Publié dans Coups de coeur, Littérature française, Roman historique

« Rivage de la colère » de Caroline Laurent

Je vous parle aujourd’hui d’un livre que j’ai choisi pour son thème qui m’intéresse depuis toujours, et les critiques enthousiastes que j’ai pu lire m’ont confortée dans mon choix :

Résumé de l’éditeur :

Après le succès de « Et soudain, la liberté », co-écrit avec Evelyne Pisier, voici le nouveau roman de Caroline Laurent. Au cœur de l’océan Indien, ce roman de l’exil met à jour un drame historique méconnu. Et nous offre aussi la peinture d’un amour impossible.

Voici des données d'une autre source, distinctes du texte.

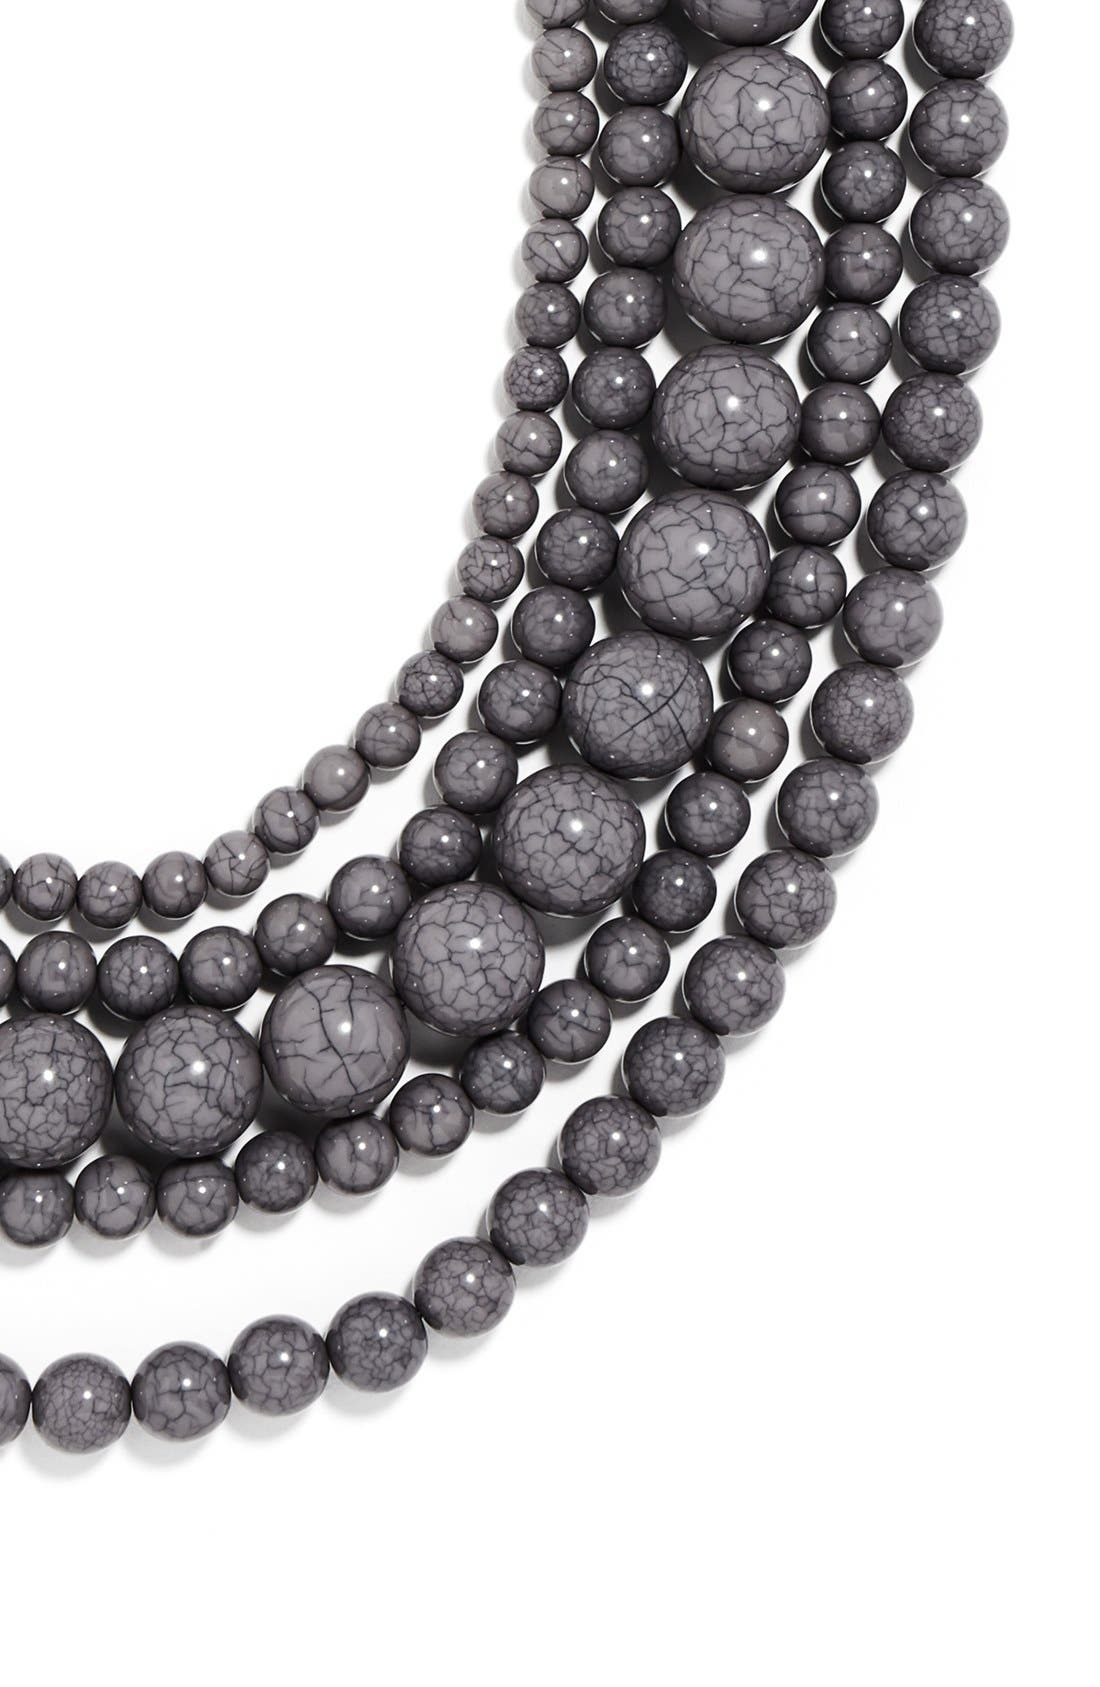 'Globe' Multistrand Beaded Necklace,                             Alternate thumbnail 3, color,                             021

Certains rendez-vous contiennent le combat d’une vie.

Septembre 2018. Pour Joséphin, l’heure de la justice a sonné.

Dans ses yeux, le visage de sa mère.

Mars 1967. Marie-Pierre Ladouceur vit à Diego Garcia, aux Chagos, un archipel rattaché à l’île Maurice. Elle qui va pieds nus, sans brides ni chaussures pour l’entraver, fait la connaissance de Gabriel, un Mauricien venu seconder l’administrateur colonial. Un homme de la ville. Une élégance folle.

Quelques mois plus tard, Maurice accède à l’indépendance après 158 ans de domination britannique. Peu à peu, le quotidien bascule, jusqu’à ce jour où des soldats convoquent les Chagossiens sur la plage. Ils ont une heure pour quitter leur terre. Abandonner leurs bêtes, leurs maisons, leurs attaches. Et pour quelle raison ? Pour aller où ?

Après le déchirement viendra la colère, et avec elle la révolte.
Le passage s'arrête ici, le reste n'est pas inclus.